GIVEN MATERIAL:
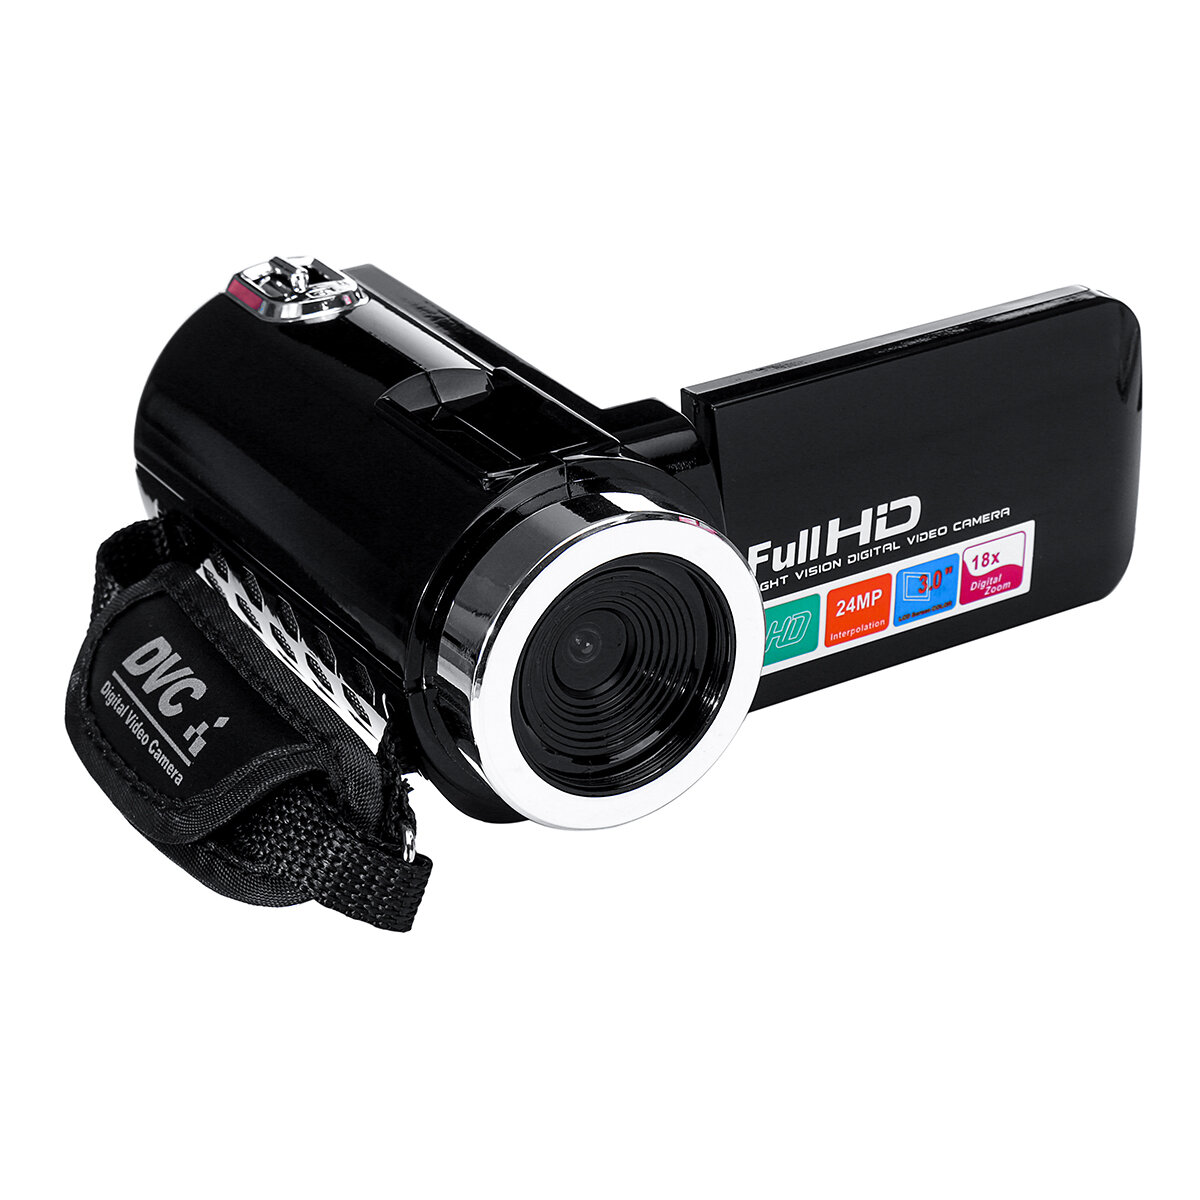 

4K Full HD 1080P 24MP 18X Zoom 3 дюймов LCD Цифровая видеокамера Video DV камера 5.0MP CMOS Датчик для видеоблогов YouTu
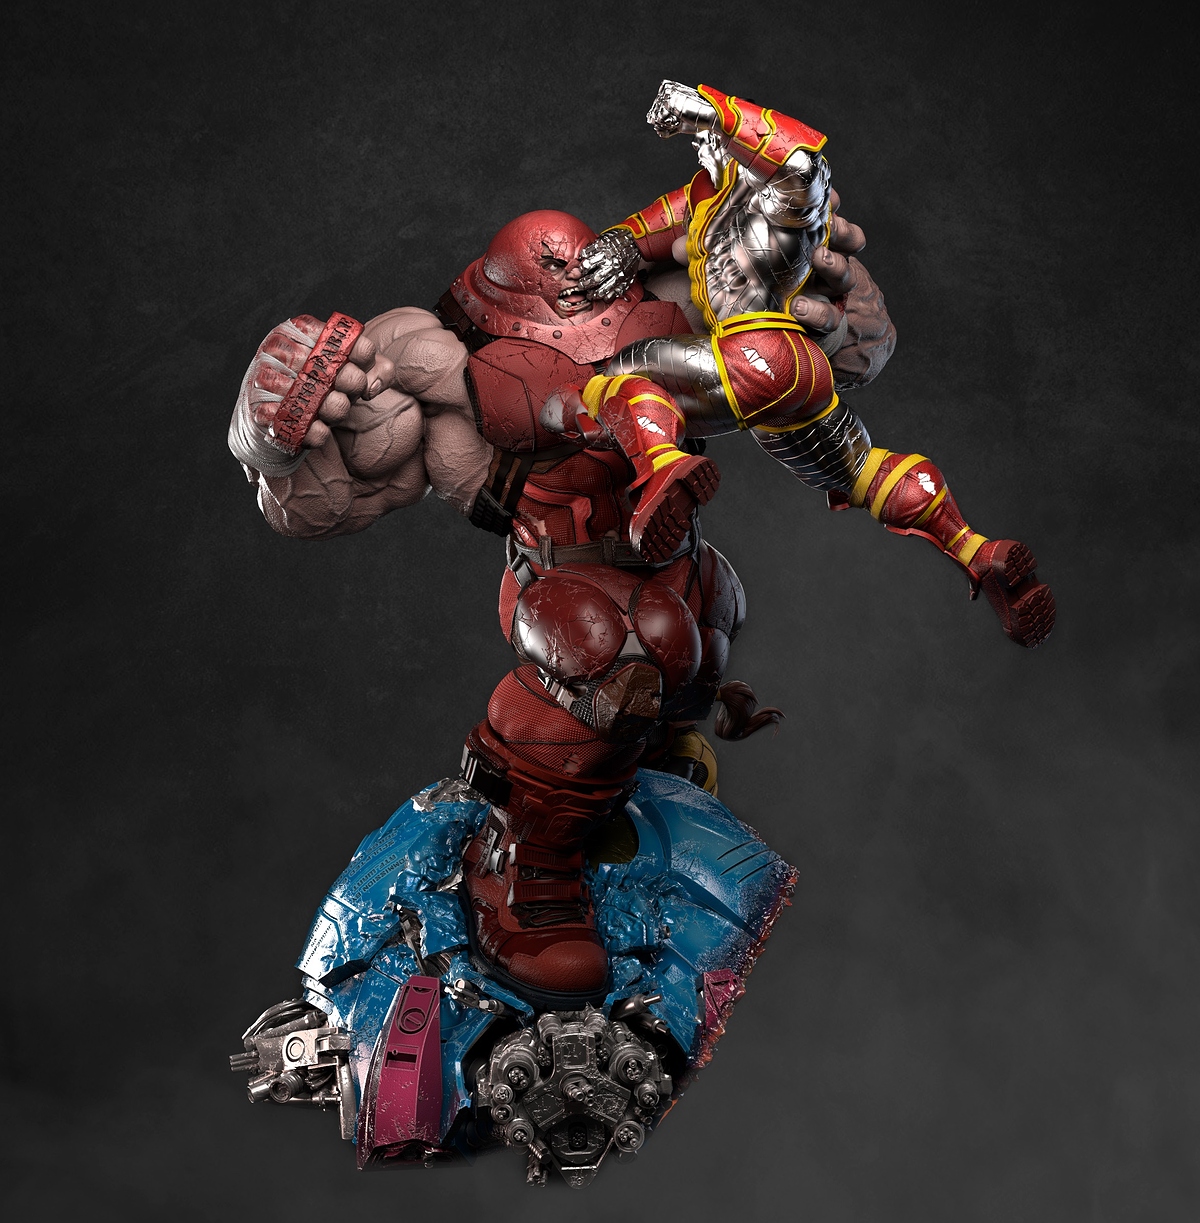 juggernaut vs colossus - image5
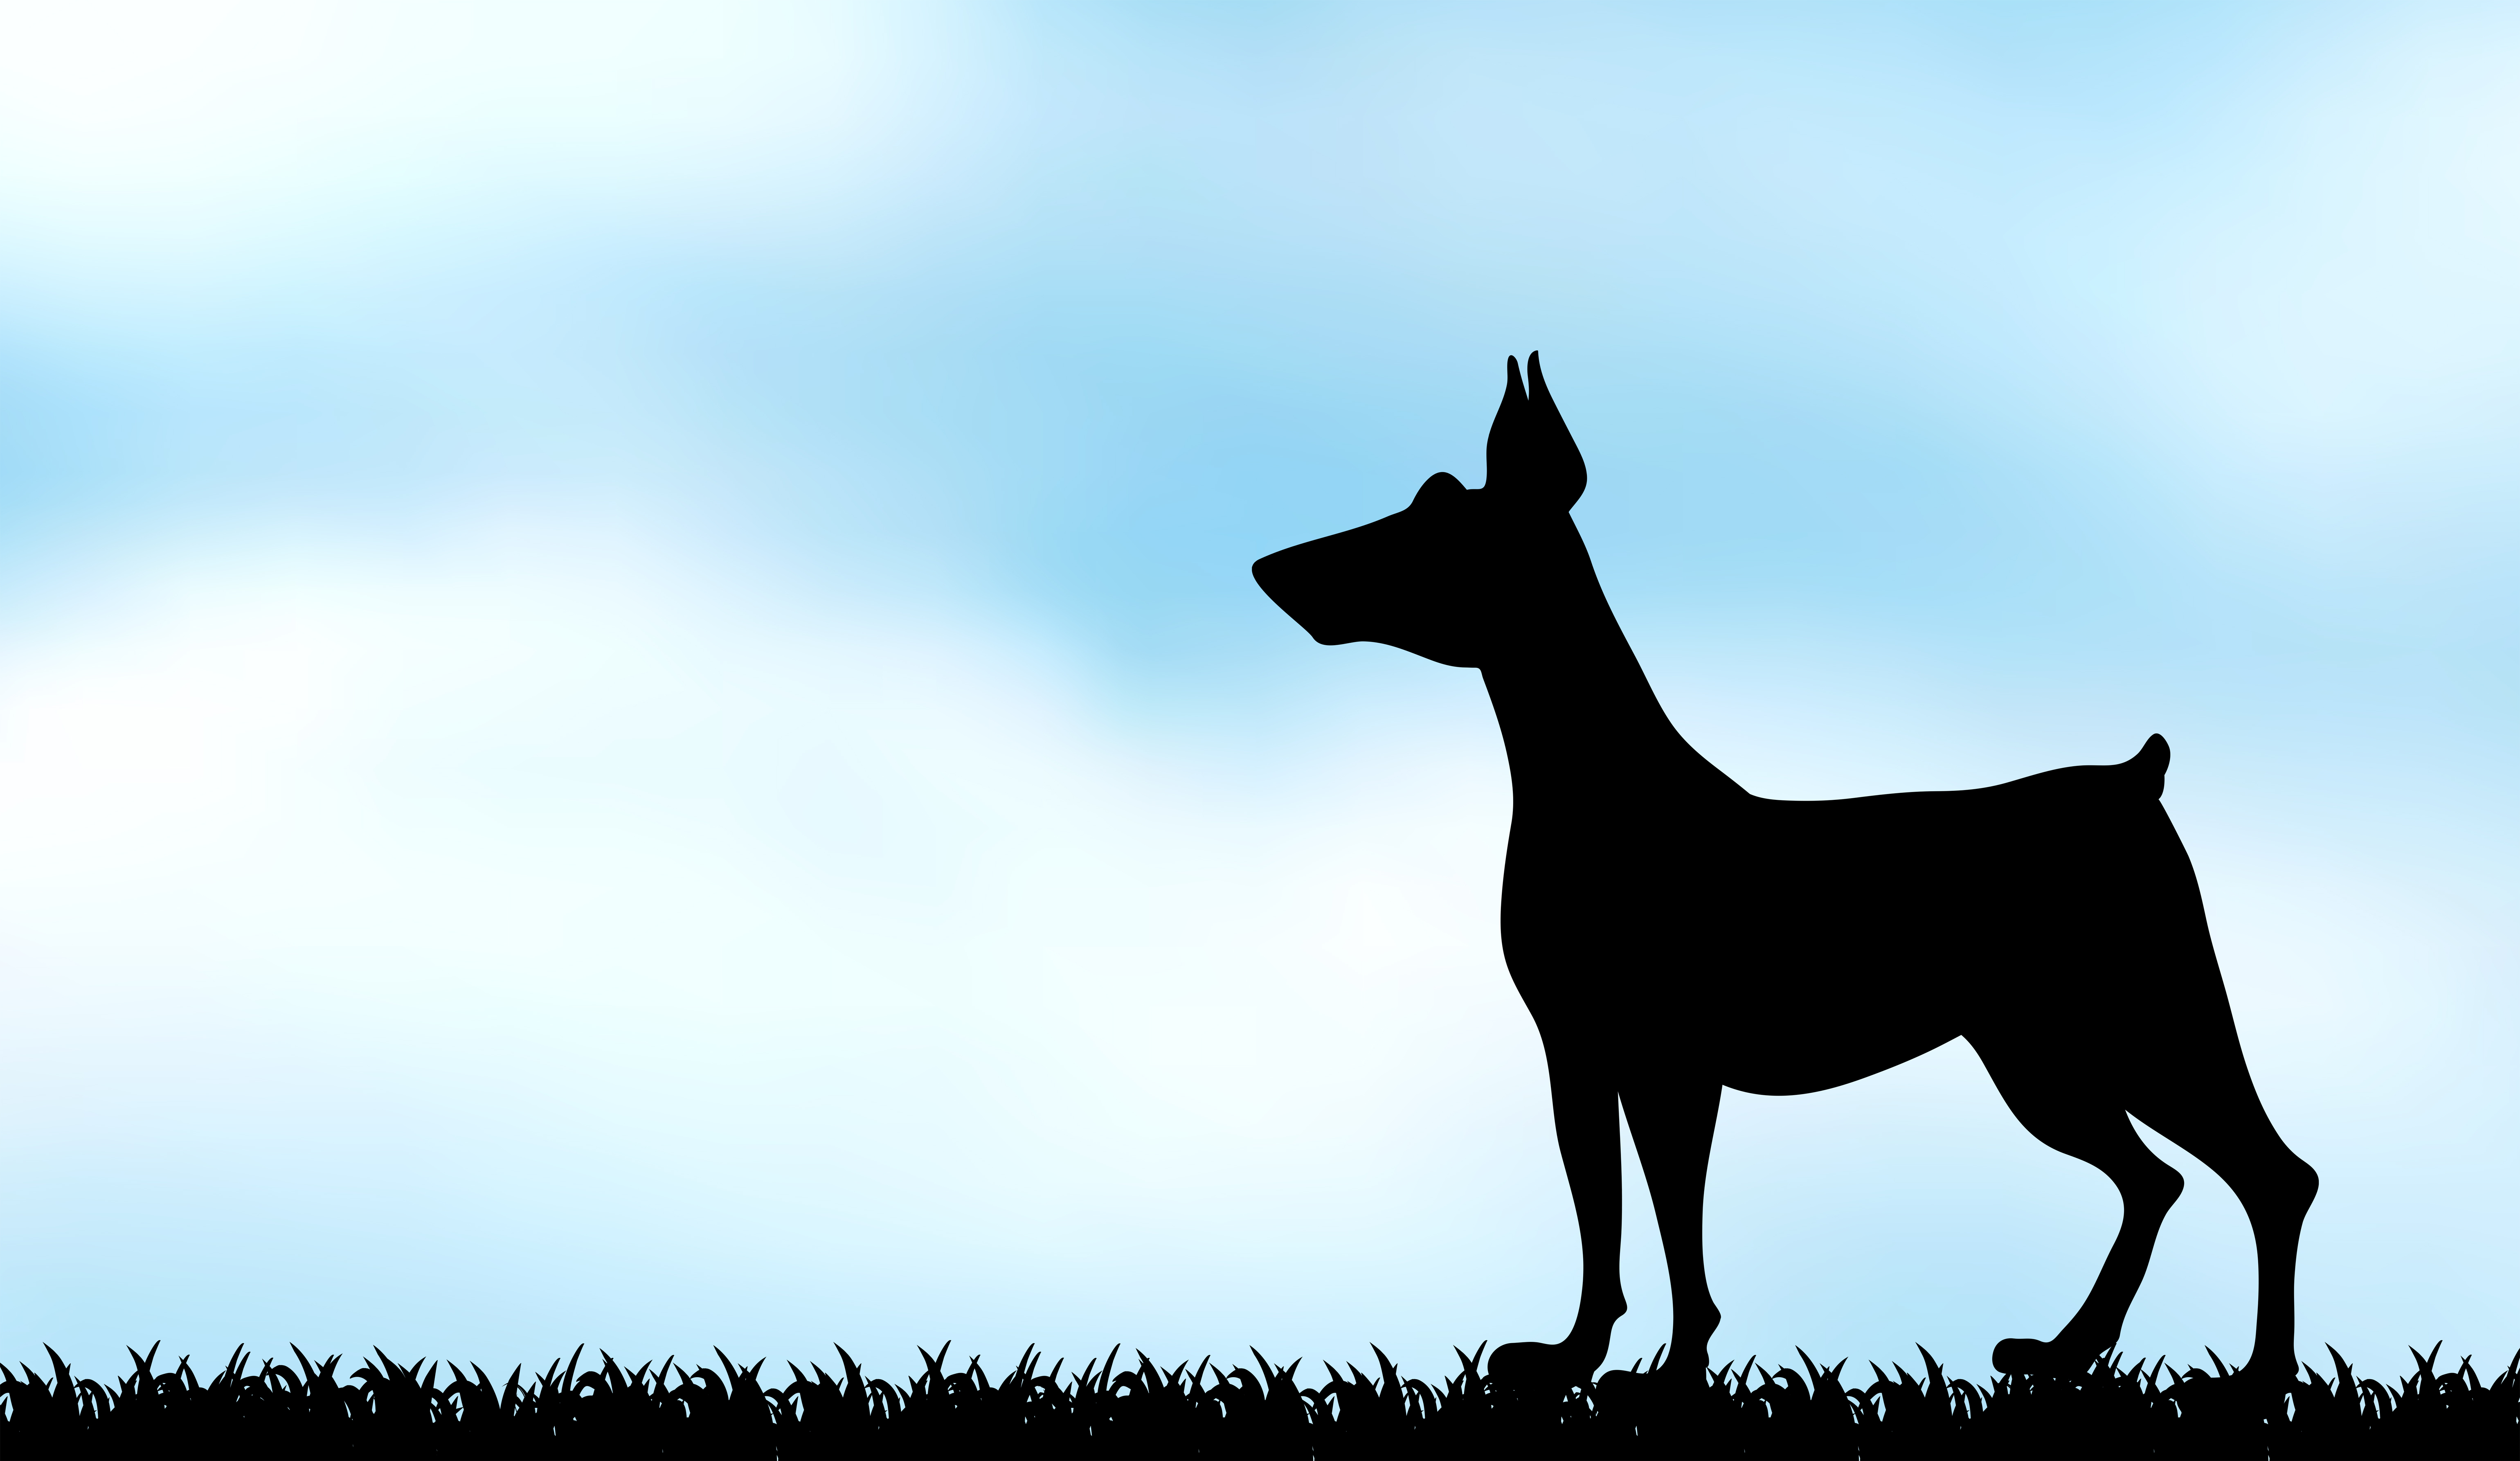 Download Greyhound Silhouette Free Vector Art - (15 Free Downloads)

REQUIREMENT: Give back the listing exactly, without a single picture.

ANSWER:
4K Full HD 1080P 24MP 18X Zoom 3 дюймов LCD Цифровая видеокамера Video DV камера 5.0MP CMOS Датчик для видеоблогов YouTu
 juggernaut vs colossus - image5
 Download Greyhound Silhouette Free Vector Art - (15 Free Downloads)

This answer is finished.